- Born: c. 1960's Egypt
- Died: December 2007 Pakistan
- Cause of death: U.S. Airstrike
- Occupation: Propaganda Chief
- Organization(s): al-Gama'a al-Islamiyya and al-Qaeda

= Abu Ubaidah al-Masri =

Egyptian al-Qaeda member

Abu Ubaidah al-Masri (/ɑːl ˈmɑːsri/; ابو عبيده المصري; died December 2007) was an al-Qaeda operative in Pakistan. Al-Masri was implicated in the 2006 Transatlantic Aircraft Plot, which was to be carried out by a terrorist cell operating in London, but which was orchestrated by al-Qaeda's central leadership.

==Biography==
Al-Masri was Egyptian (the epithet literally means 'the Egyptian') but he received combat experience, and terrorist and insurgent training in Afghanistan, Bosnia and Chechnya.

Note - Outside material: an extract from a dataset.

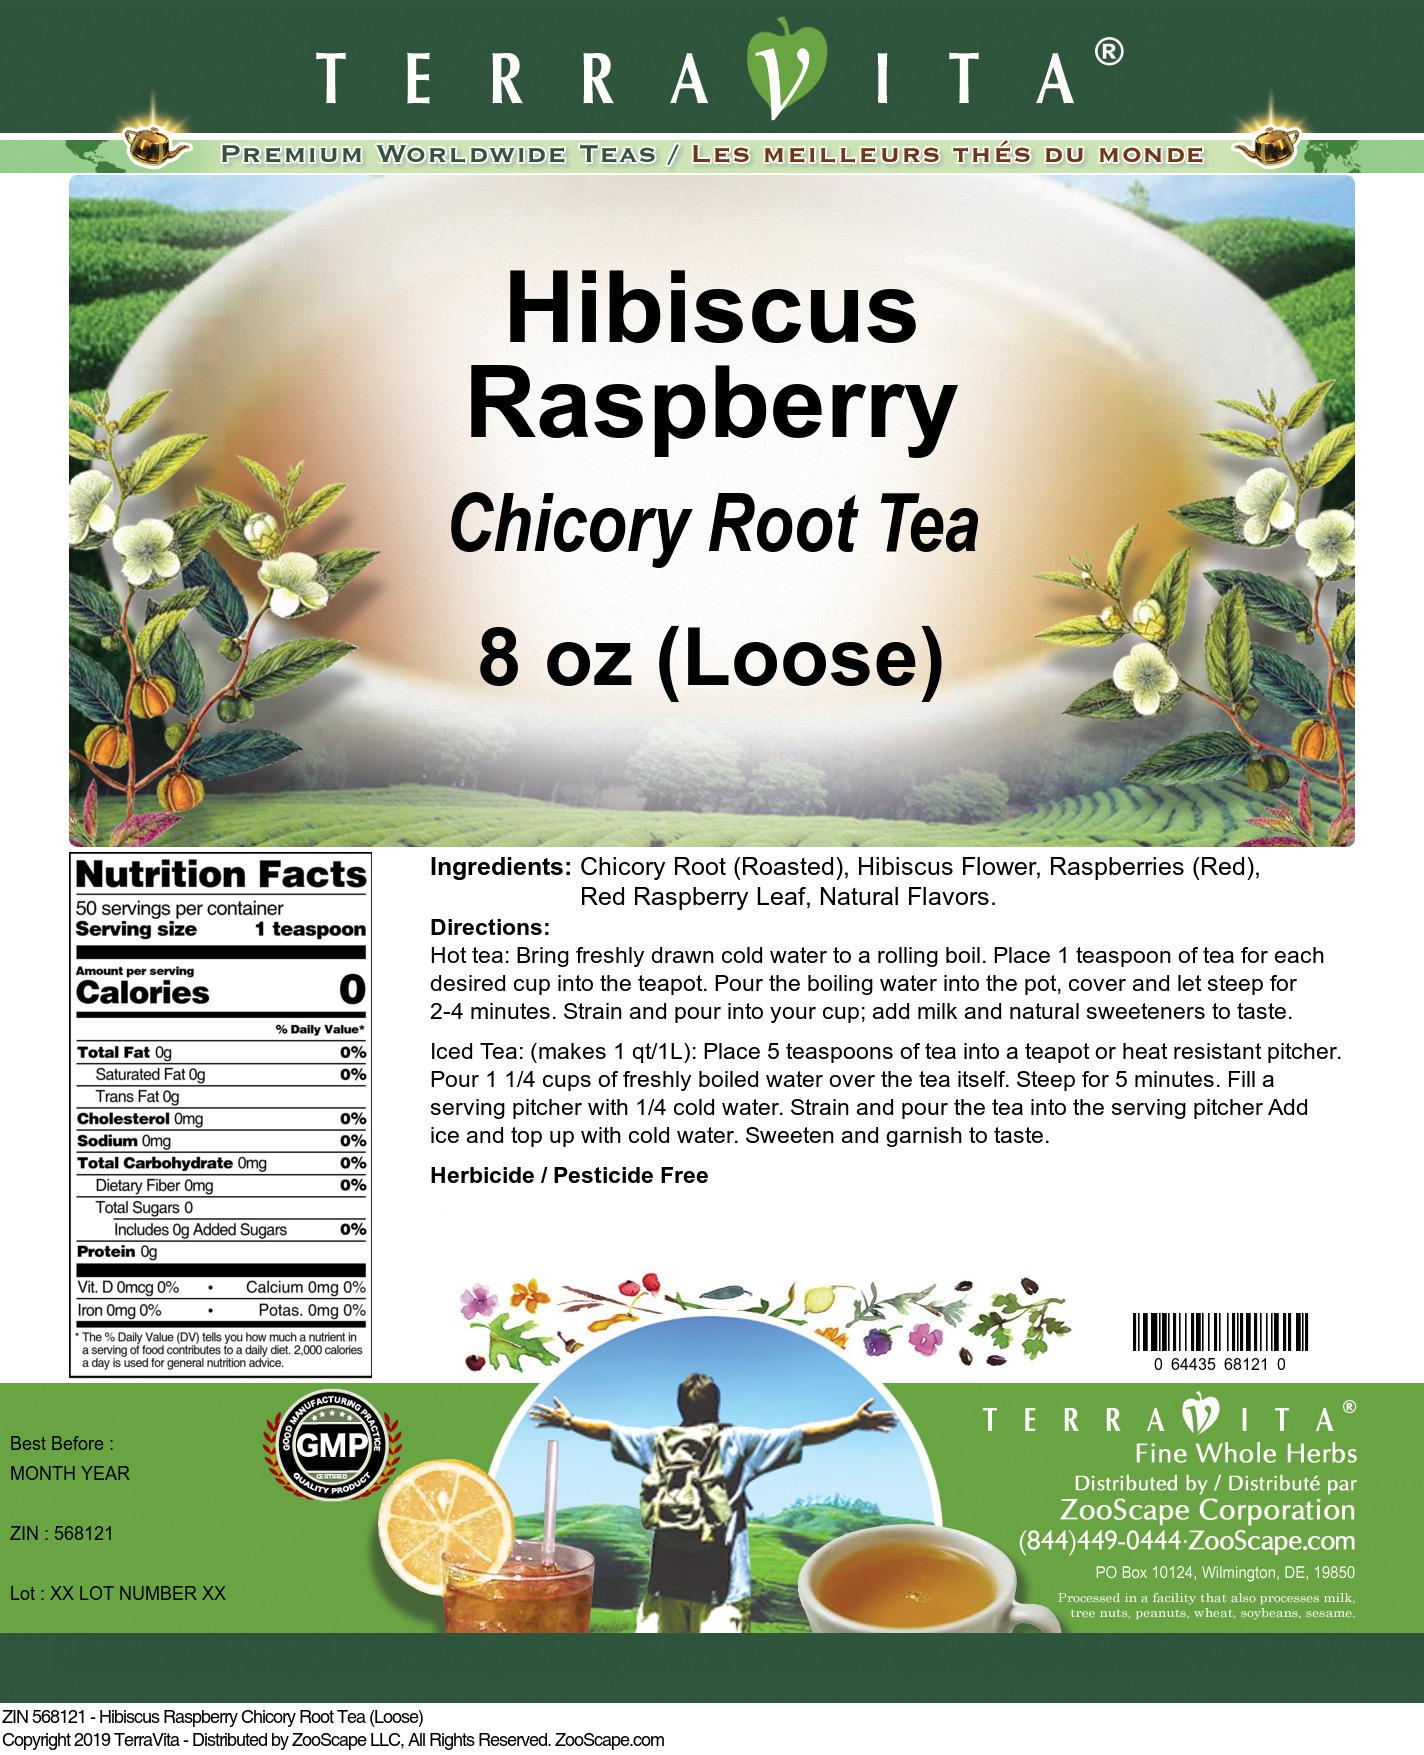 Hibiscus Raspberry Chicory Root Tea (Loose)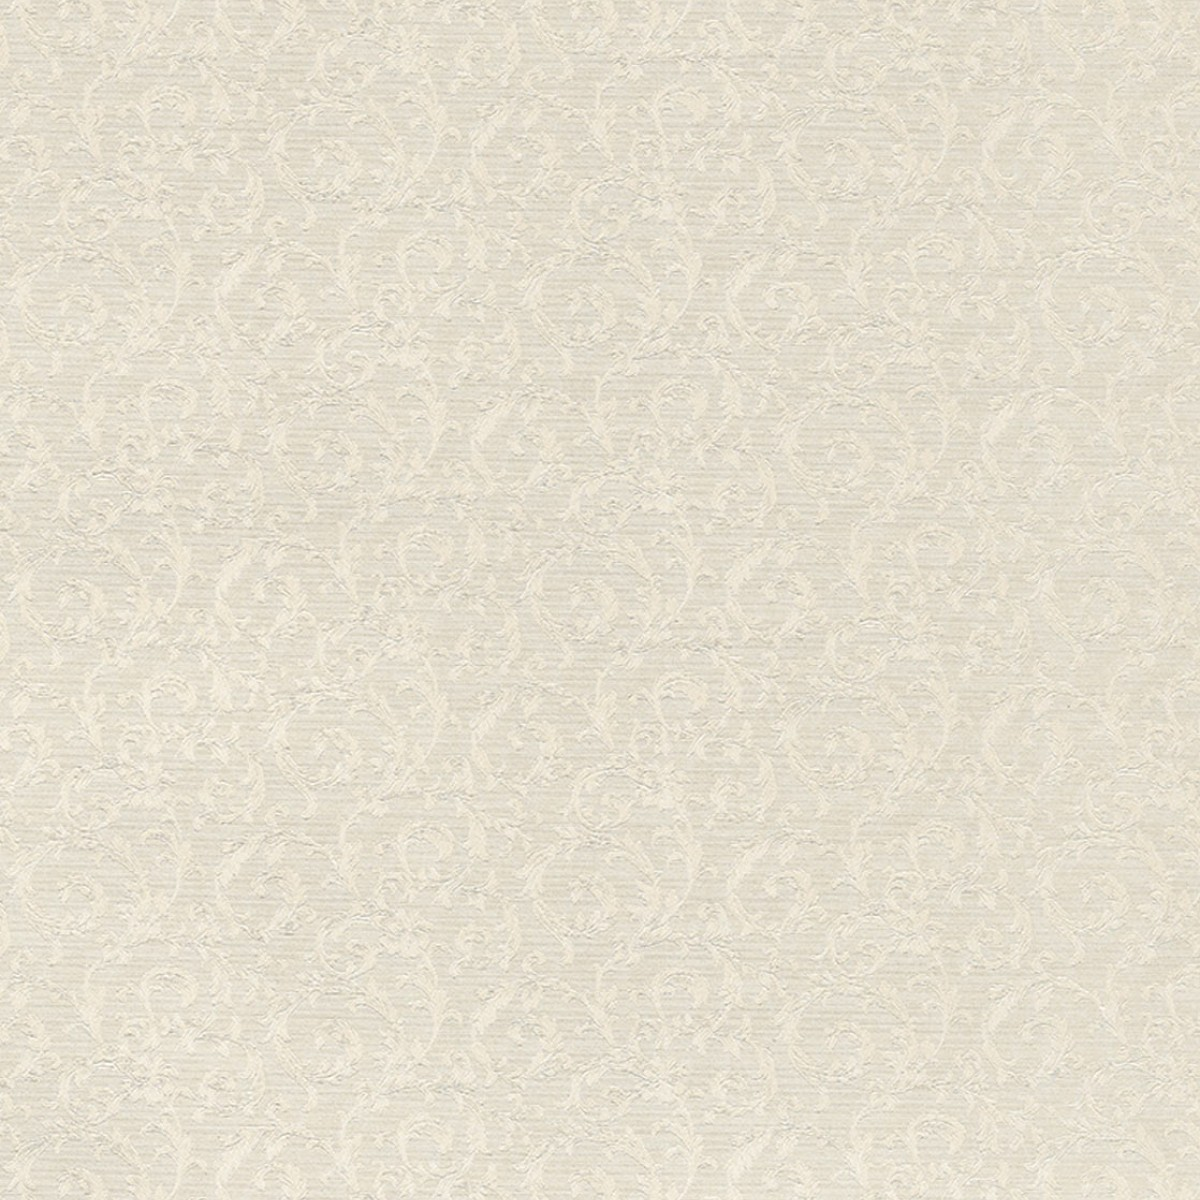 Tapet lavabil Chambord 36104, 5.2mp / rolă, Eijffinger

Al-Masri was thought to be a provincial al-Qaeda commander in Afghanistan, but according to The New York Times, "[al-Masri] emerged as one of Al Qaeda's senior operatives after the death of Abu Hamza Rabia, another Egyptian who was killed by a missile strike in Pakistan in 2005."

Al-Masri lived in Germany before going to Afghanistan to join the Mujahadeen. After Afghanistan, he returned to Germany to begin building a network in Europe.

In 2006, two attempts were made by coalition forces to kill him.

==Death==
According to U.S. government counterterrorism sources, al-Masri is believed to have died in December 2007, in Pakistan's tribal region, probably due to hepatitis. Al-Masri was between 40 and 50 years old.